I also had to reign myself in a bit when it came to letters that I’d normally overlap/connect, since I wanted to make sure the font was usable in all situations, not tailored to specific words. This means that characters like lowercase y and g, that I normally include a large loop on when at the ends of words, were simplified so that things didn’t look terrible when they appeared in the middle. I considered for a while including custom ligatures but in the end I decided I wanted to make all letter pairs look good on their own, without needing any extra help.
Without further ado, here’s the base character set + pangram samples in a few languages:


One cool thing I did with this font (that made it a much larger undertaking than normal) was that every single character was hand-drawn to be unique–including all accented characters! Whereas normally I’d create the alphabet and then duplicate each letter to add accents, for Notepen I decided to draw each accented character fresh, to add more variety for languages that use a lot of accented characters.

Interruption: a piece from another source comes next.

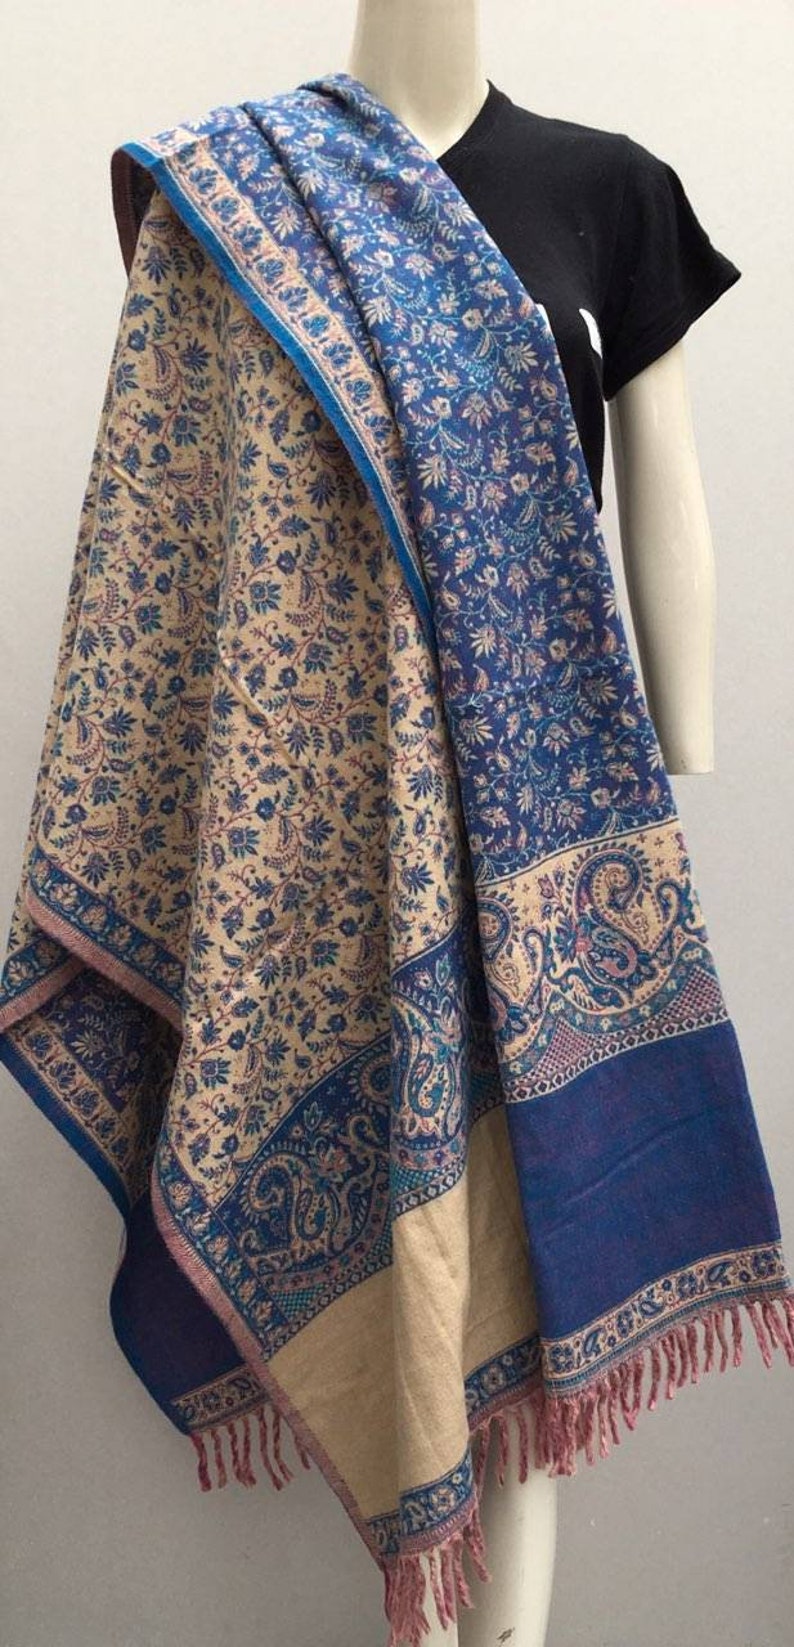 Real yak wool shawl/himalayan made purple,blue/beige COLOUR paisley floral print ethnic DOUBLE sided scarf/wrap/blanket,High quality gift zdjęcie 3

In the sample above, compare how each lowercase “e” looks across the different pangrams. For instance, the word “préfère” in the 4th sample sentence contains 3 different versions of the lowercase e: é, è and e! It may be a tiny detail, but I think it really adds a lot.
Notepen is very unique when it comes to pixel fonts, so I can see it easily being used to add a more personal touch to art, and of course it would work great in games with “notes” or a hand-drawn aesthetic. As always, let me know if you use this in a project!